**Task instructions**
Print exactly the lines below between the line containing "Three people won" and the line containing "A headshot of", counting both of those lines. Leave pictures out.

**Task inputs**
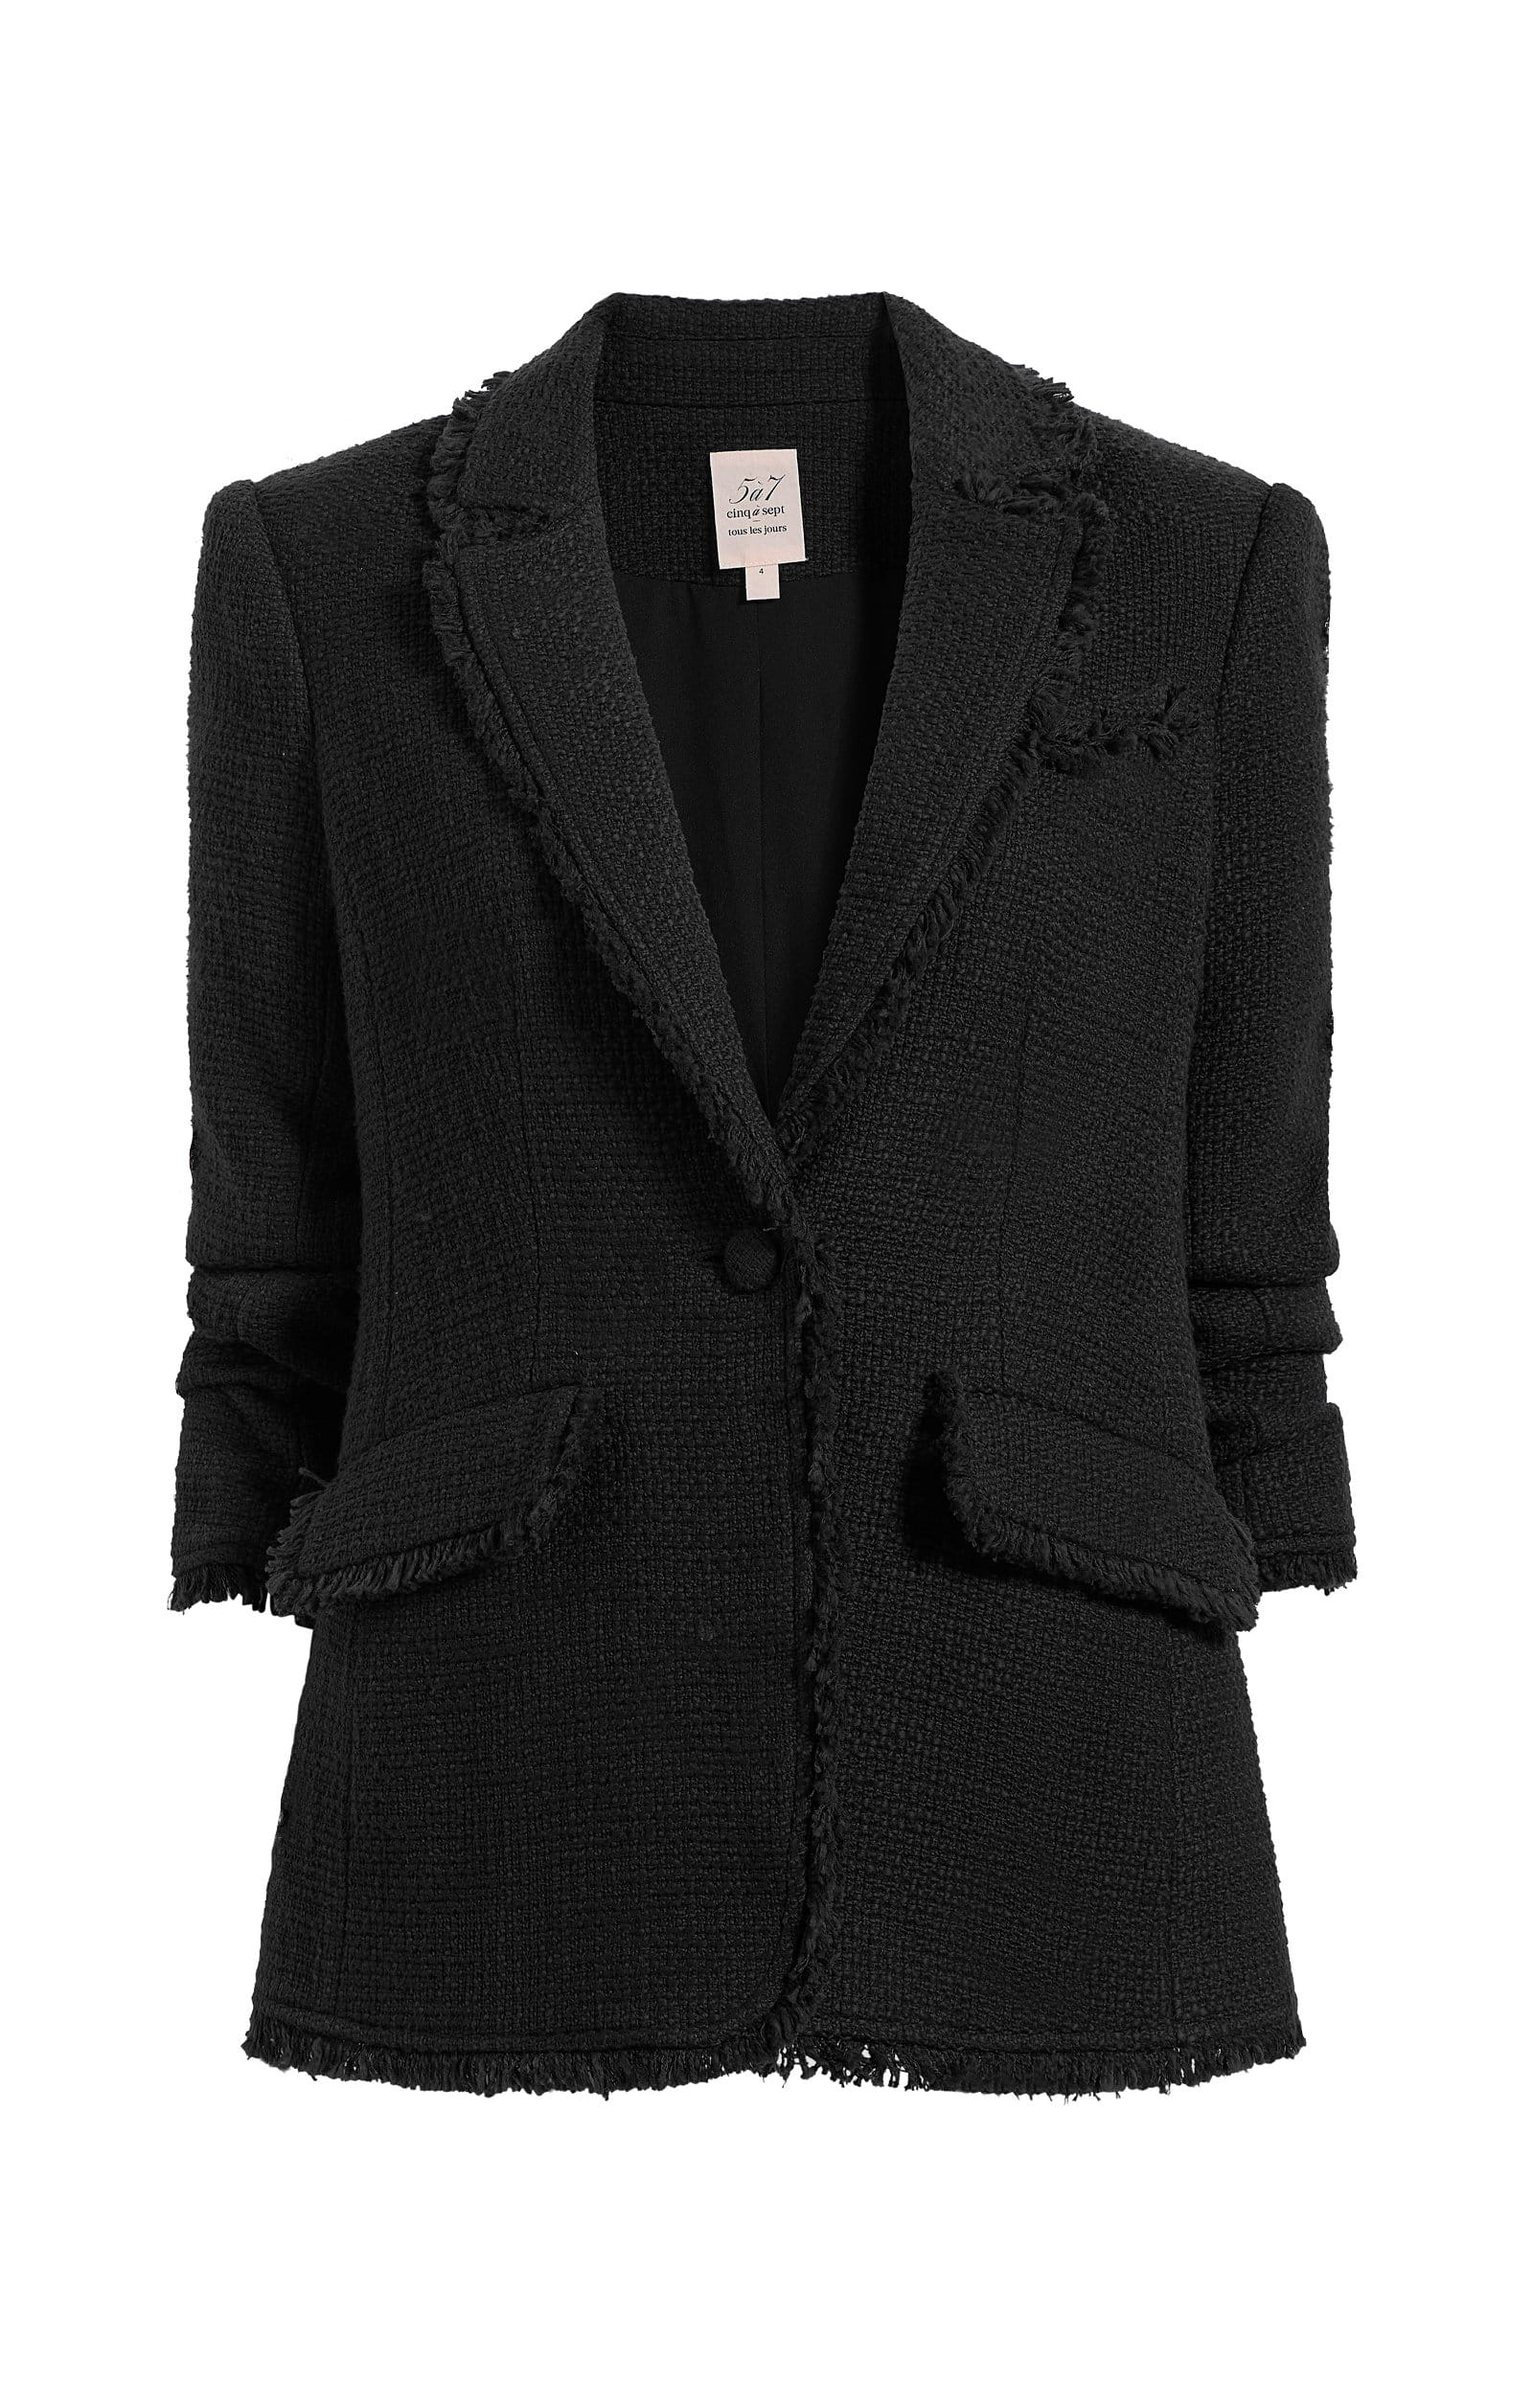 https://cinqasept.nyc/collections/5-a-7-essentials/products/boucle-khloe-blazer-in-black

* * *

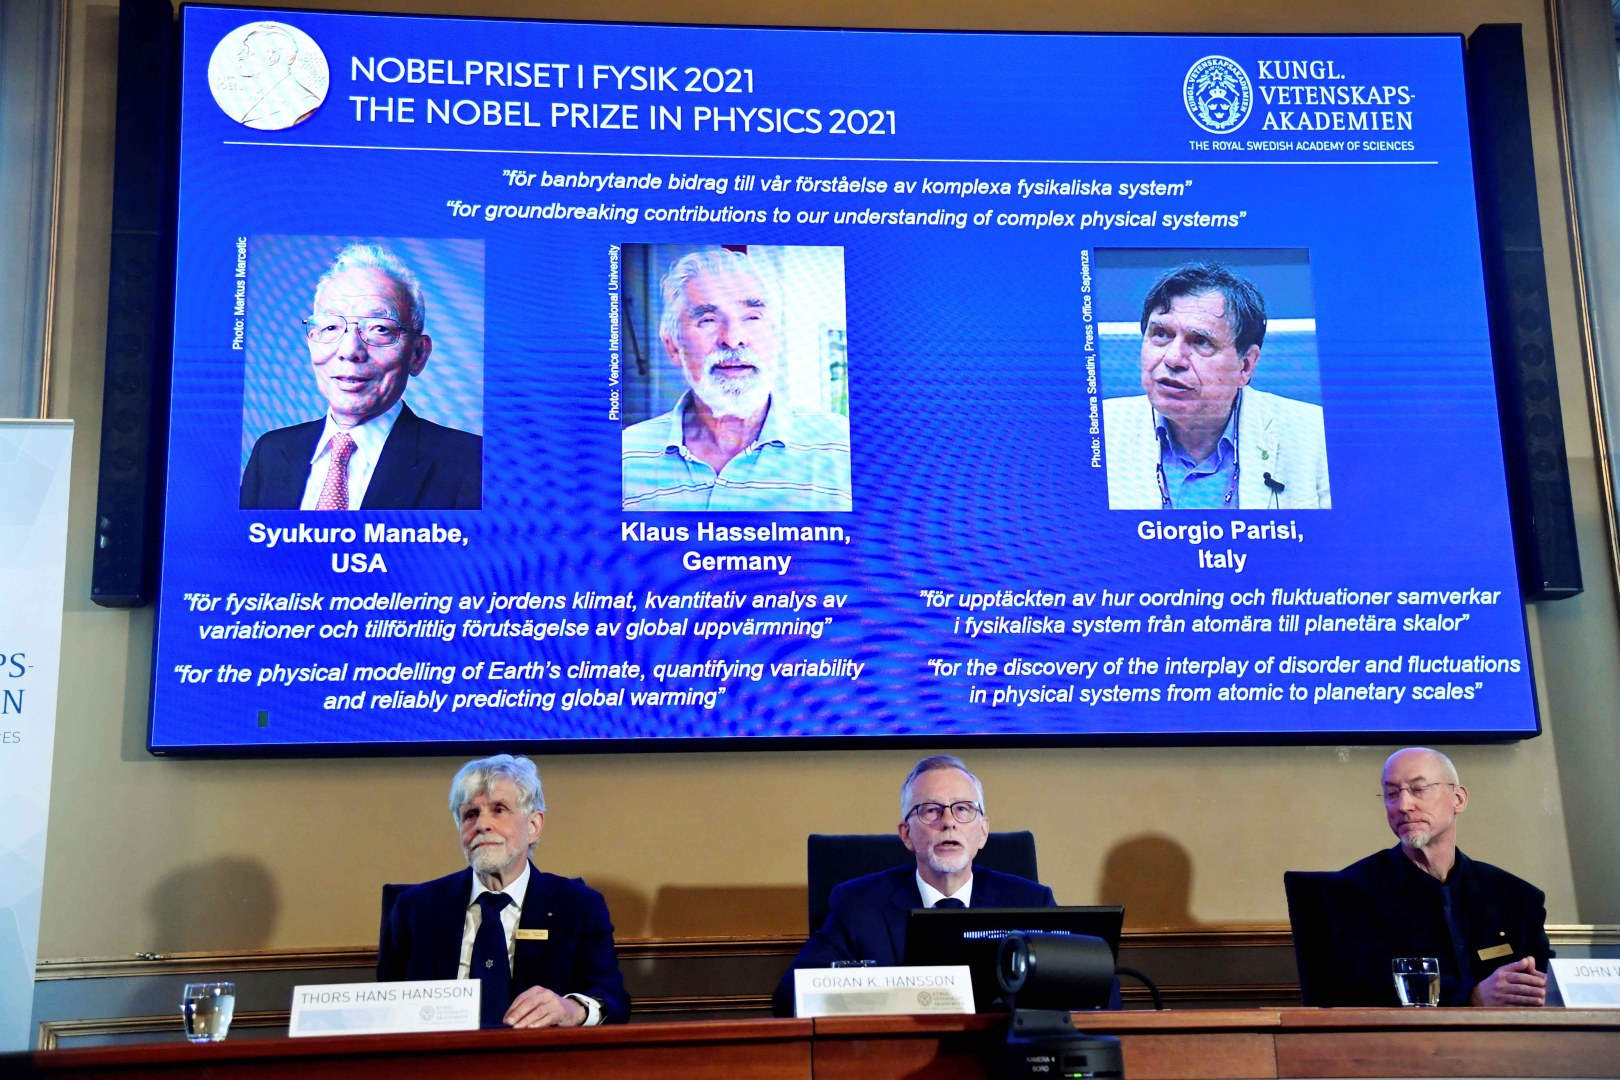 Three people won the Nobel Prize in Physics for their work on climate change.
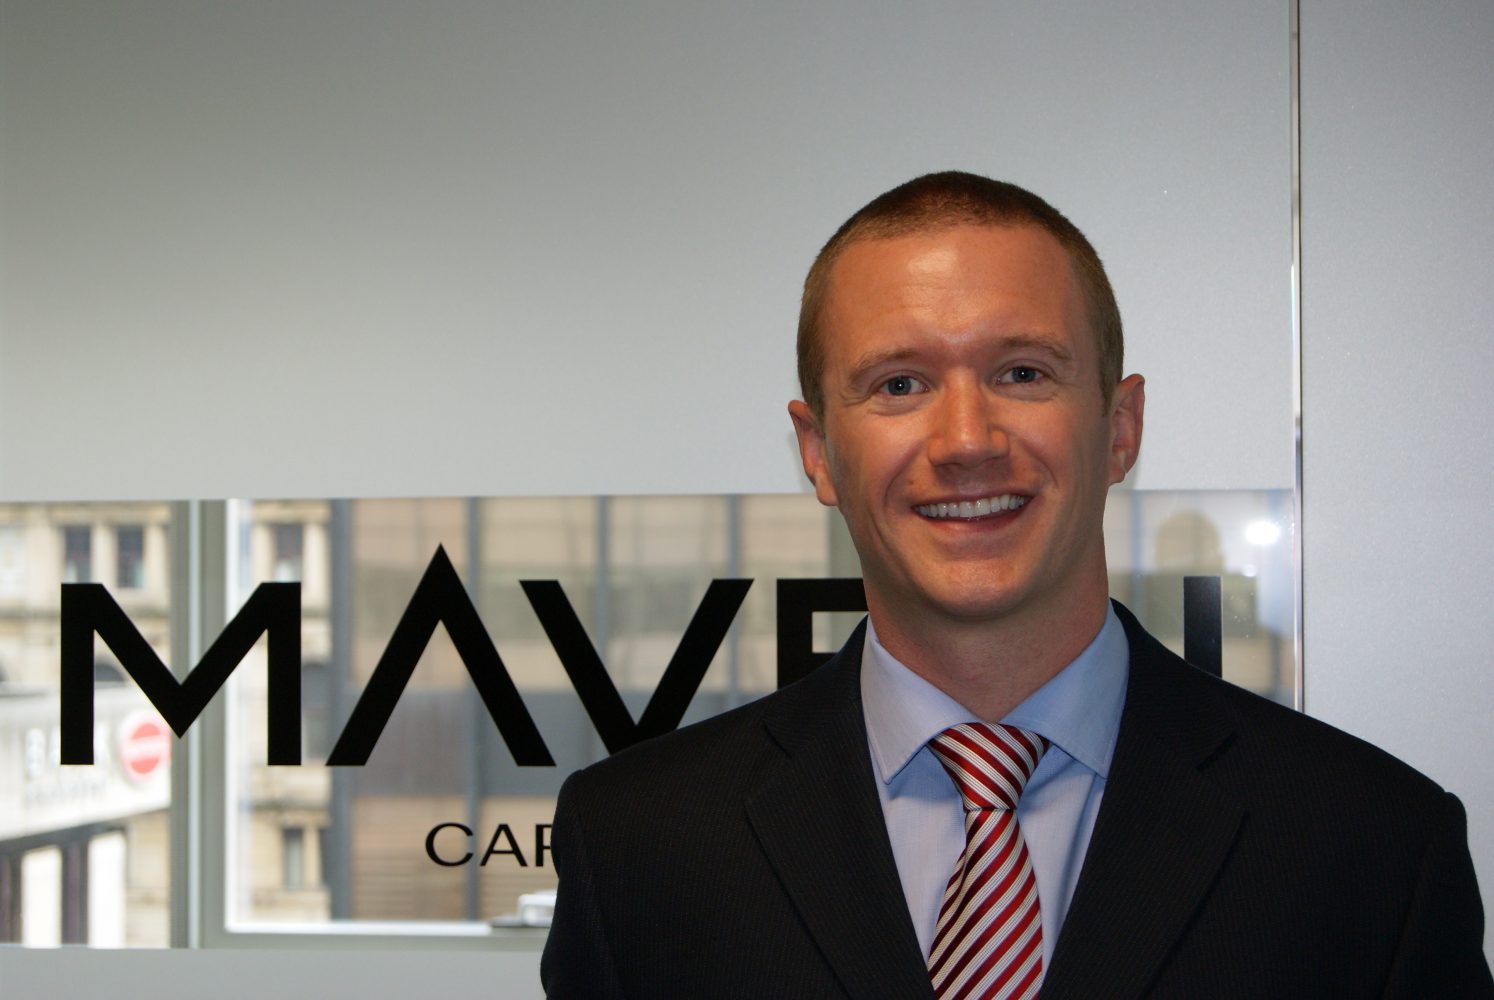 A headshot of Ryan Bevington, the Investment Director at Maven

**Task response**
 Three people won the Nobel Prize in Physics for their work on climate change.
 A headshot of Ryan Bevington, the Investment Director at Maven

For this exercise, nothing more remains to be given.